REQUIRED ACTION » Beginning with the line that contains "Sheepskin Bean Bag Seat - Pink Tipped", copy each subsequent line of the data below through the last one, including both ends but not the pictures.

SUPPLIED INFORMATION »
● ● ● ● ●
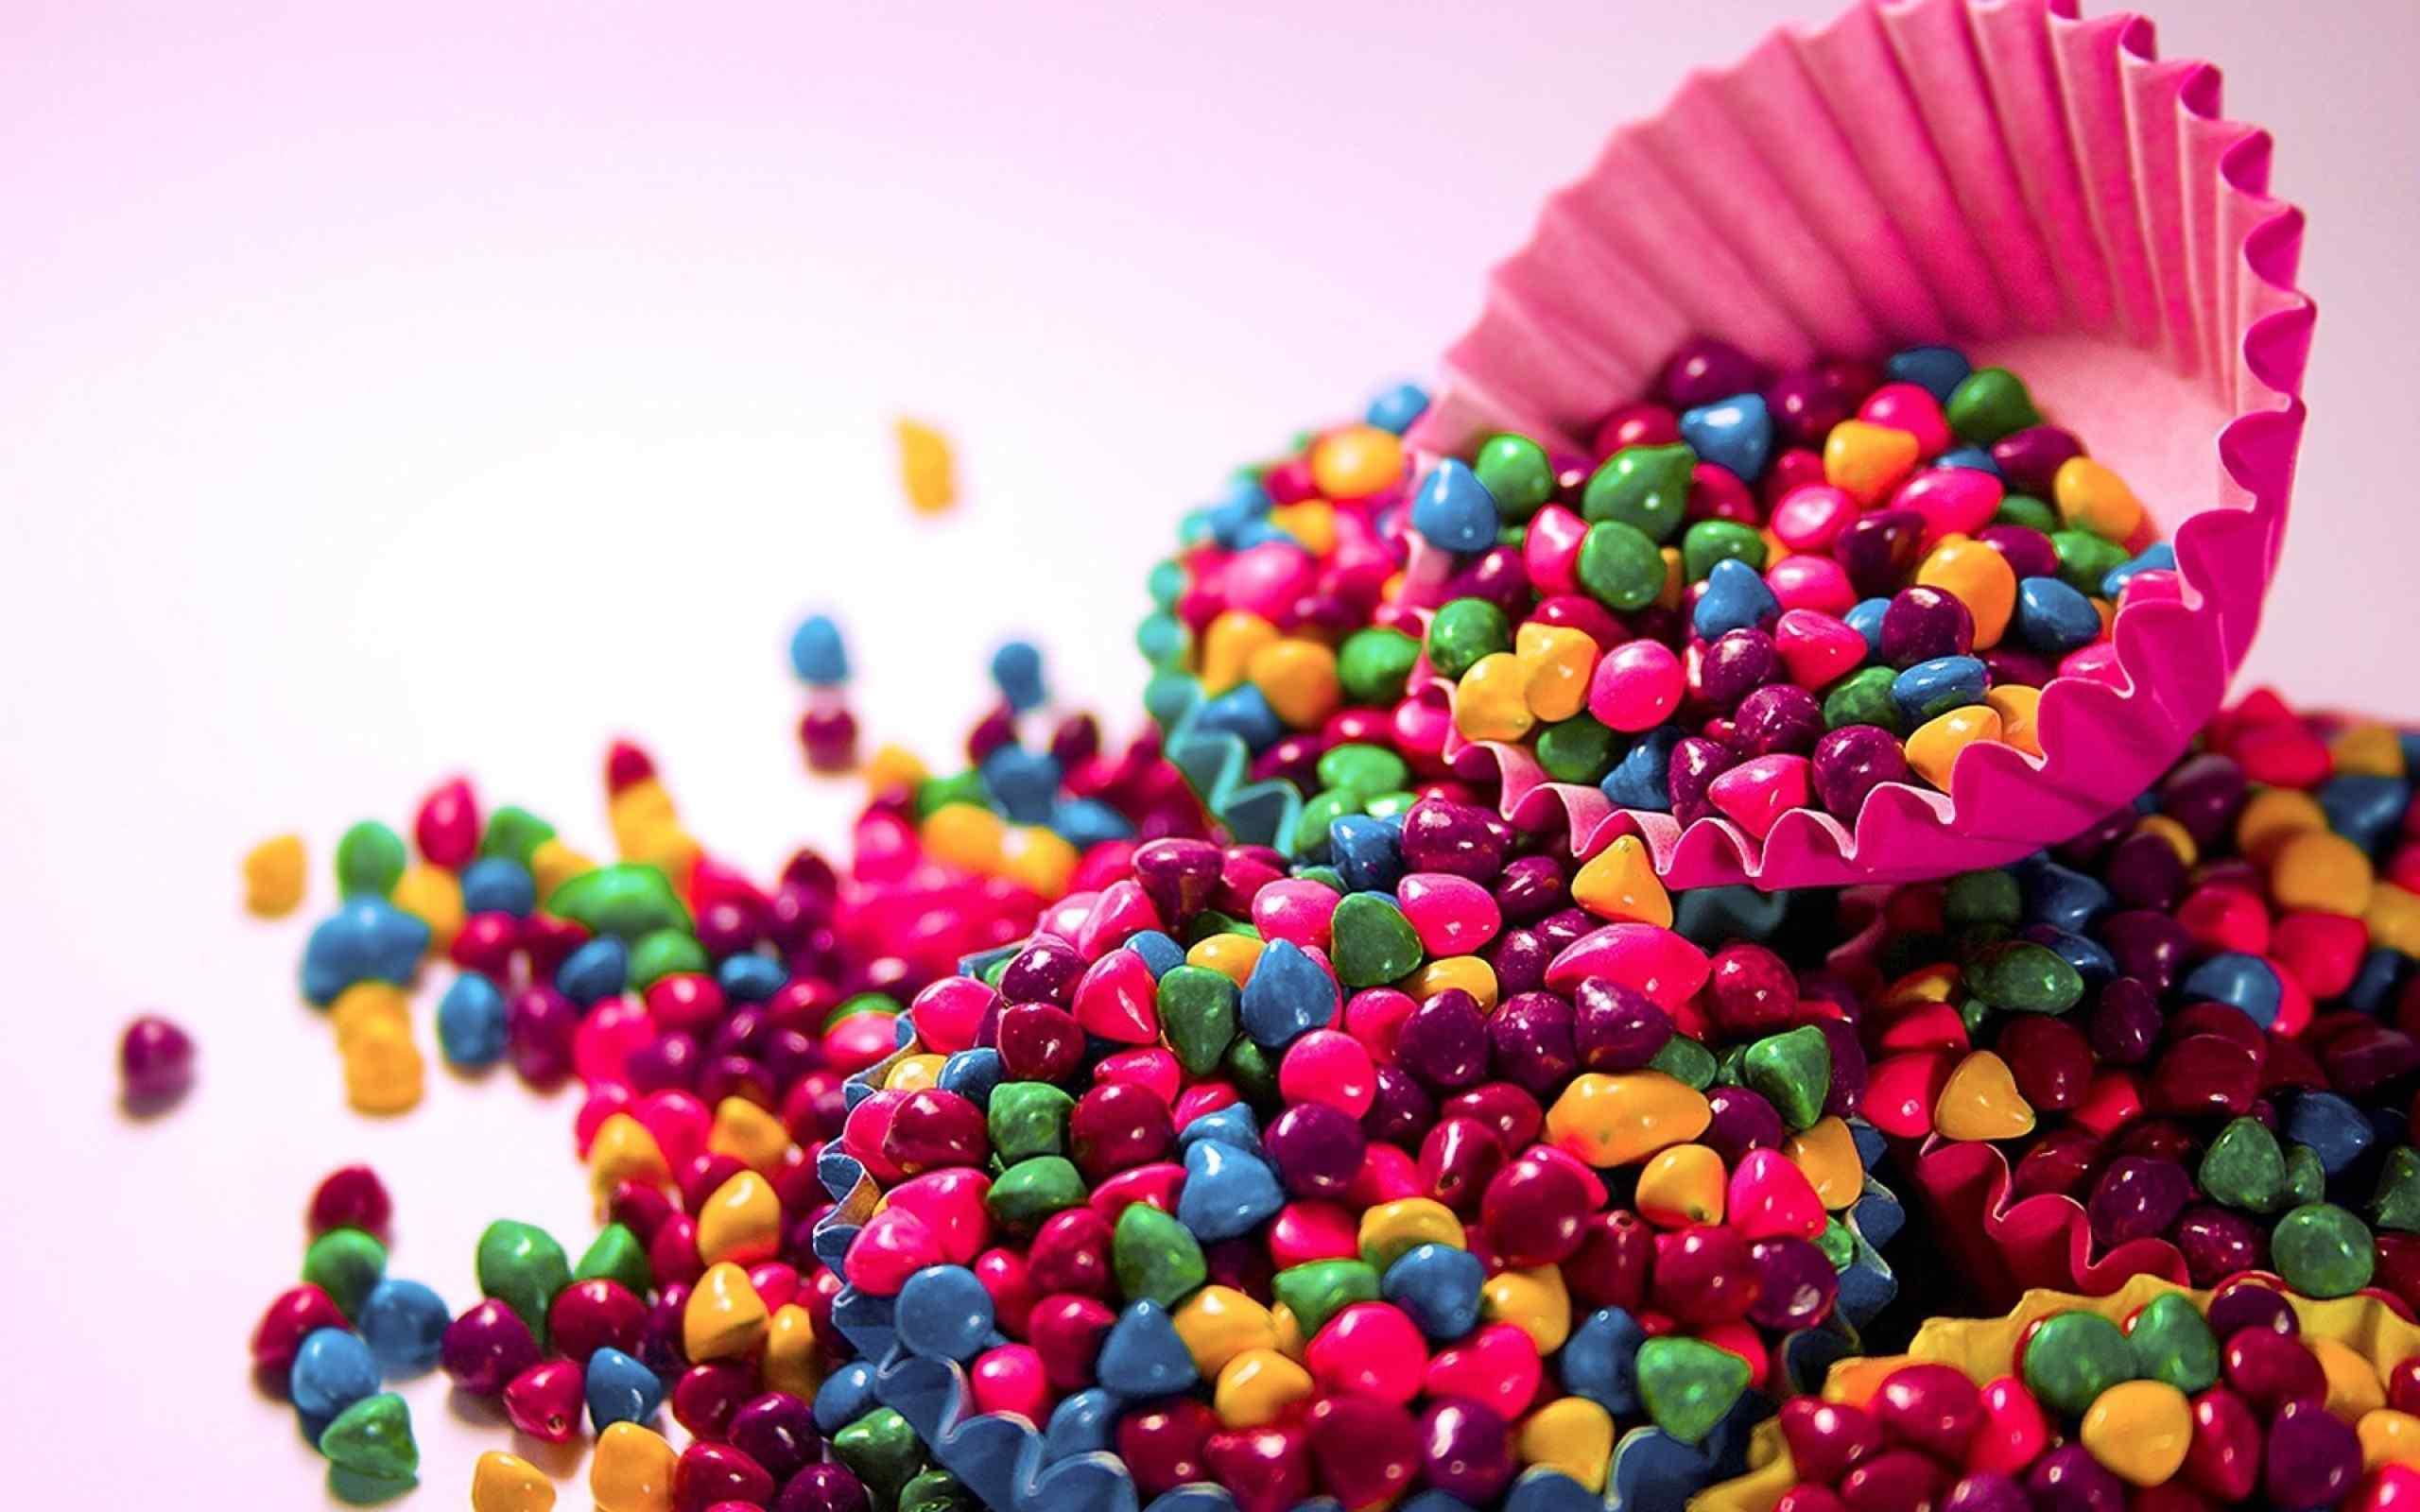 七色彩虹小颗粒糖果桌面壁纸
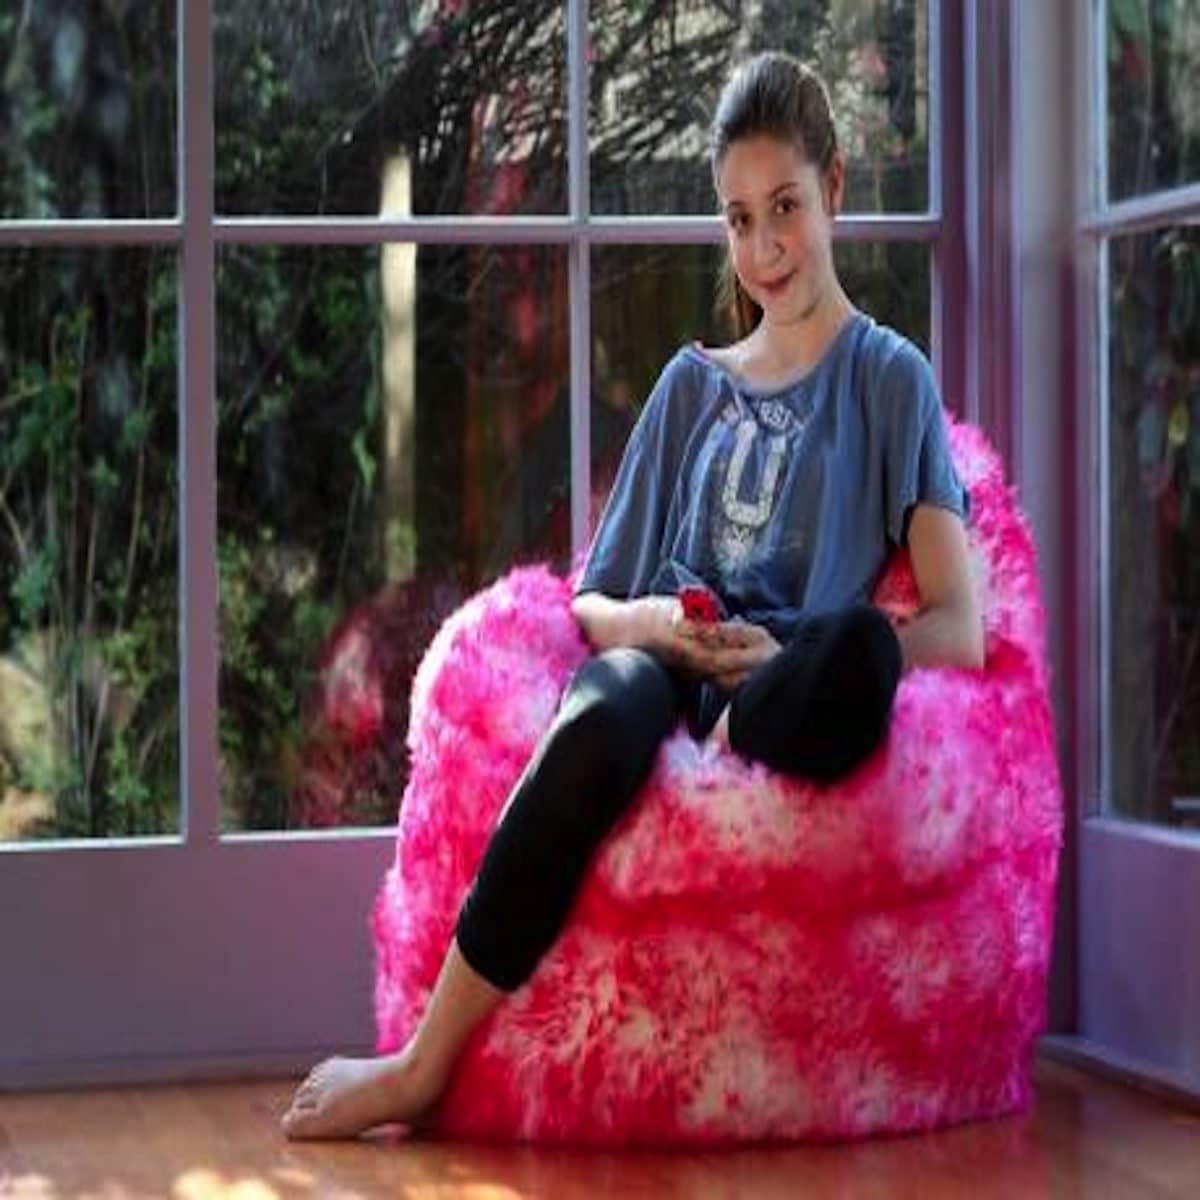 Sheepskin Bean Bag Seat - Pink Tipped
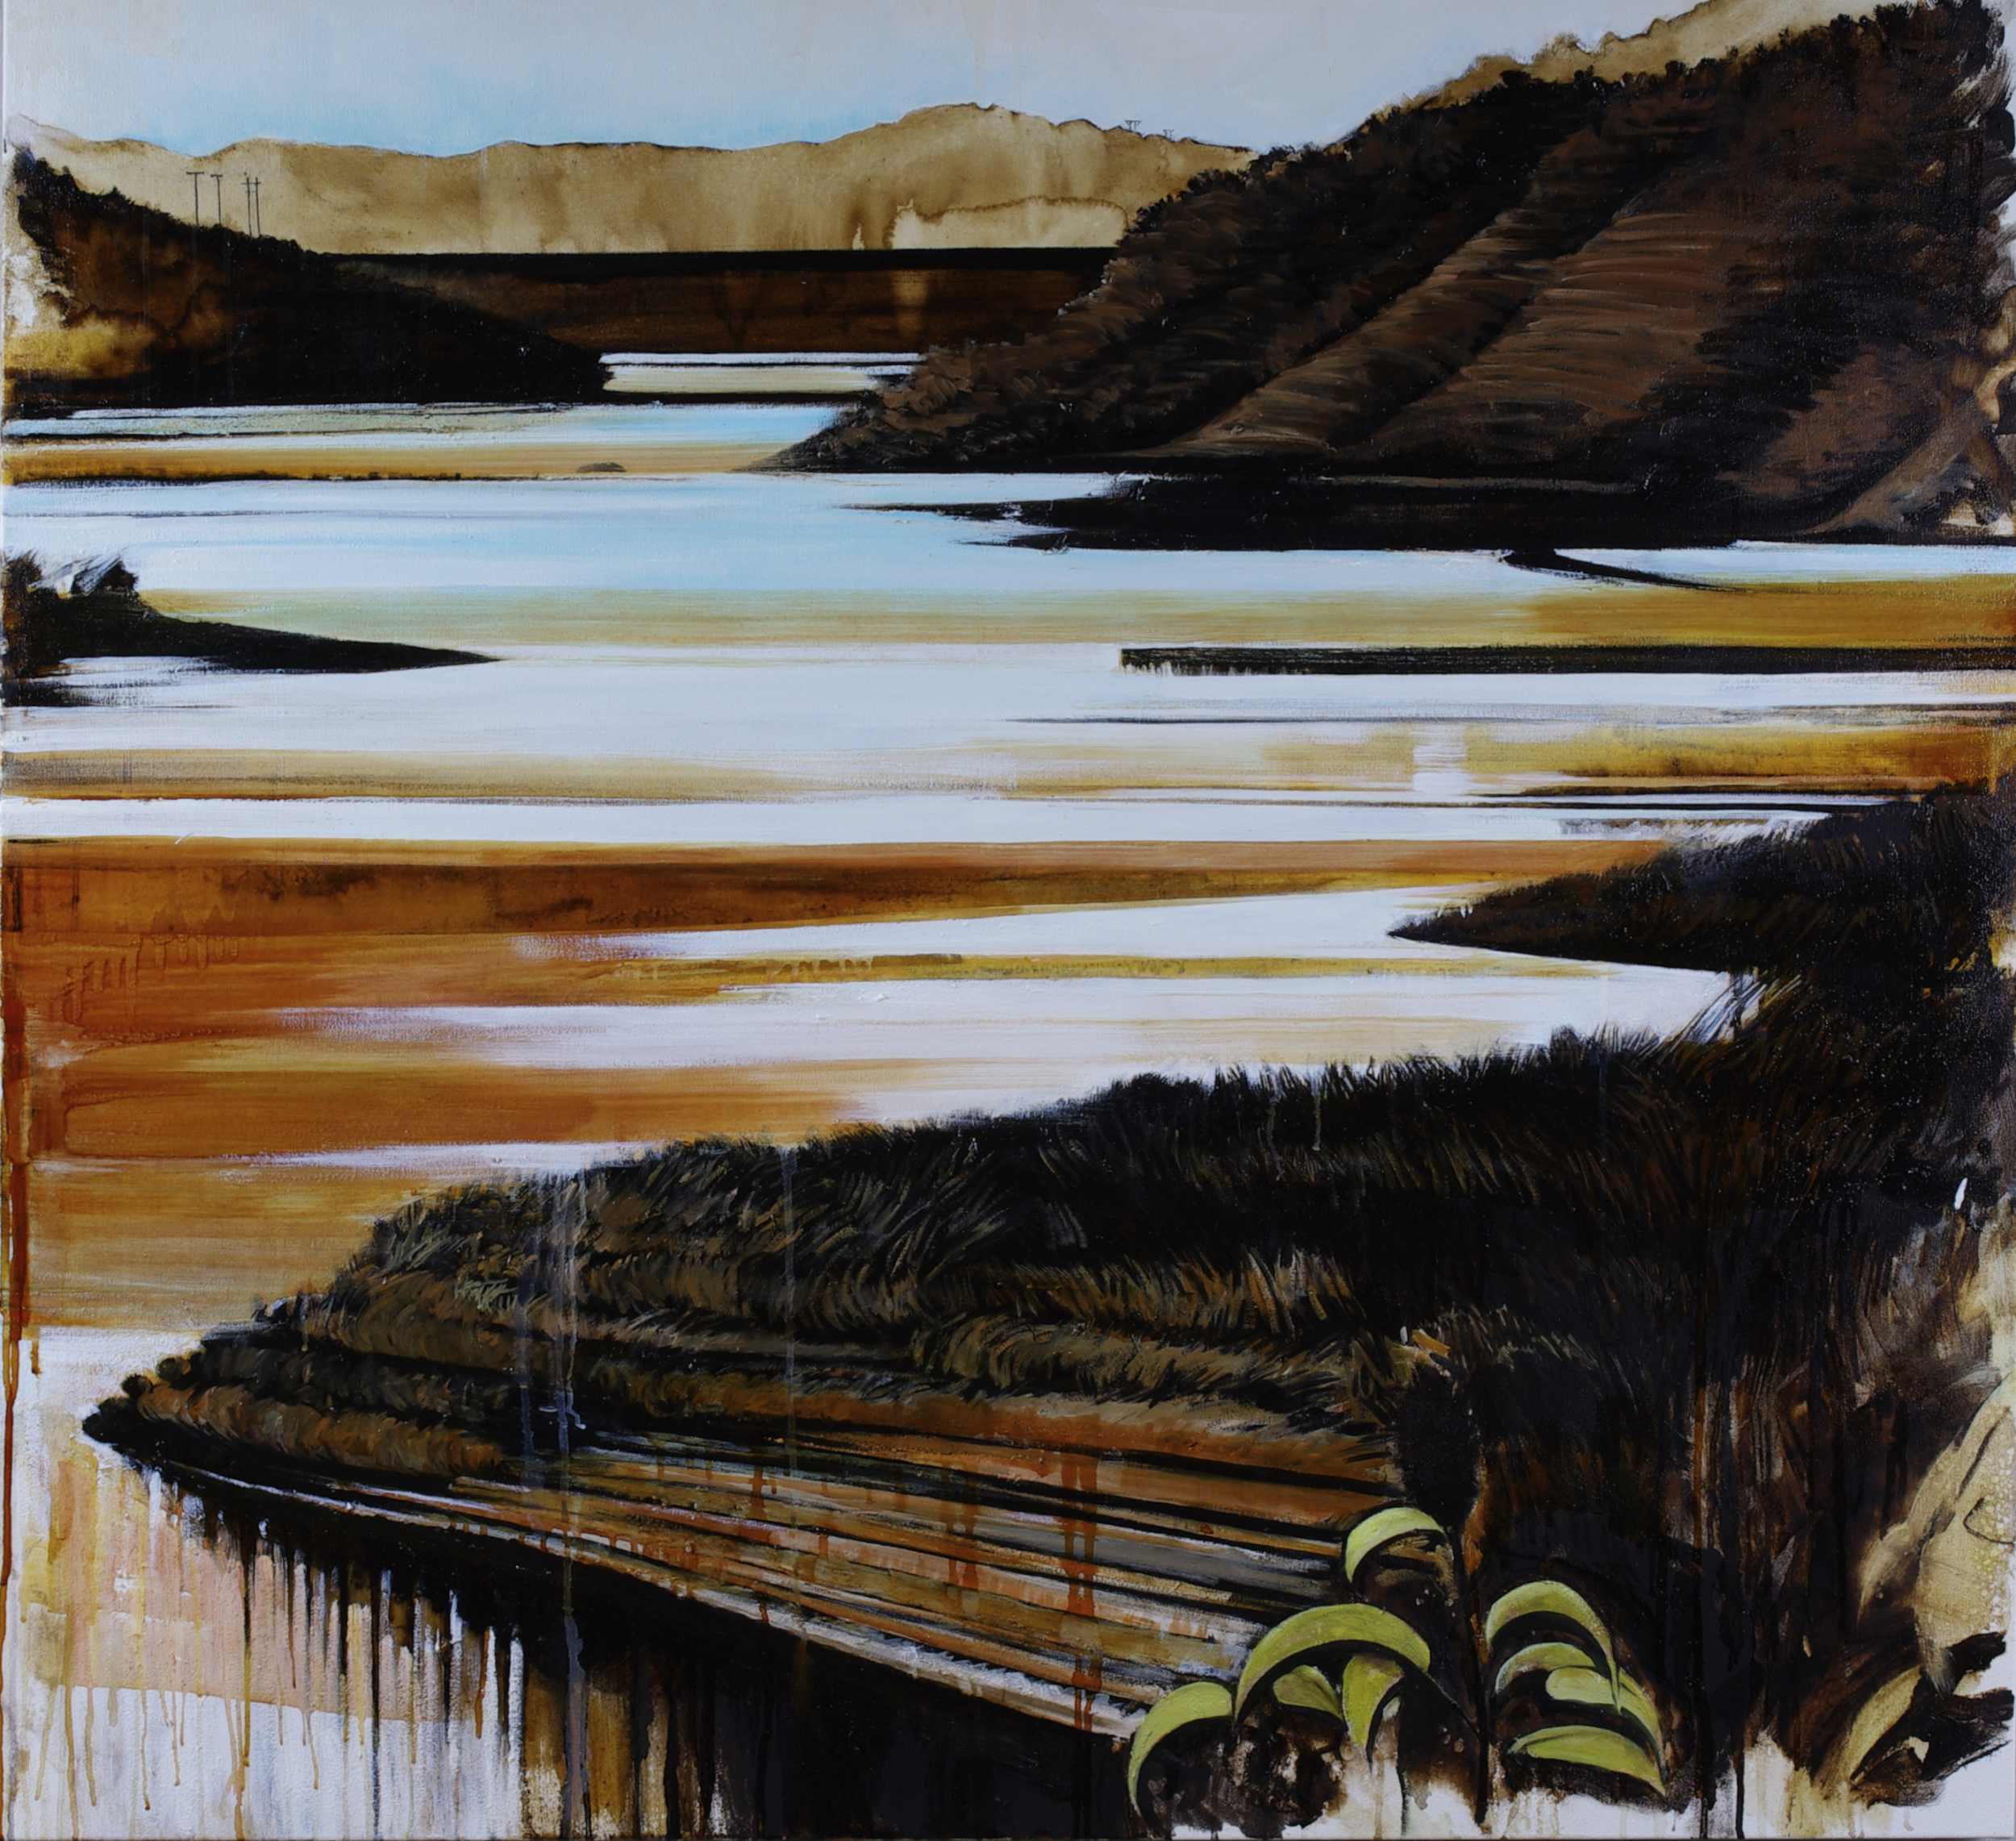 """Waterway #8 (Lake Casitas); Karen Kitchel©2018, 50""""x50"""", asphalt emulsion, oil, wax, powdered mineral pigments, shellac/canvas"""
● ● ● ● ●
EXERCISE RESULT »
 Sheepskin Bean Bag Seat - Pink Tipped
 """Waterway #8 (Lake Casitas); Karen Kitchel©2018, 50""""x50"""", asphalt emulsion, oil, wax, powdered mineral pigments, shellac/canvas"""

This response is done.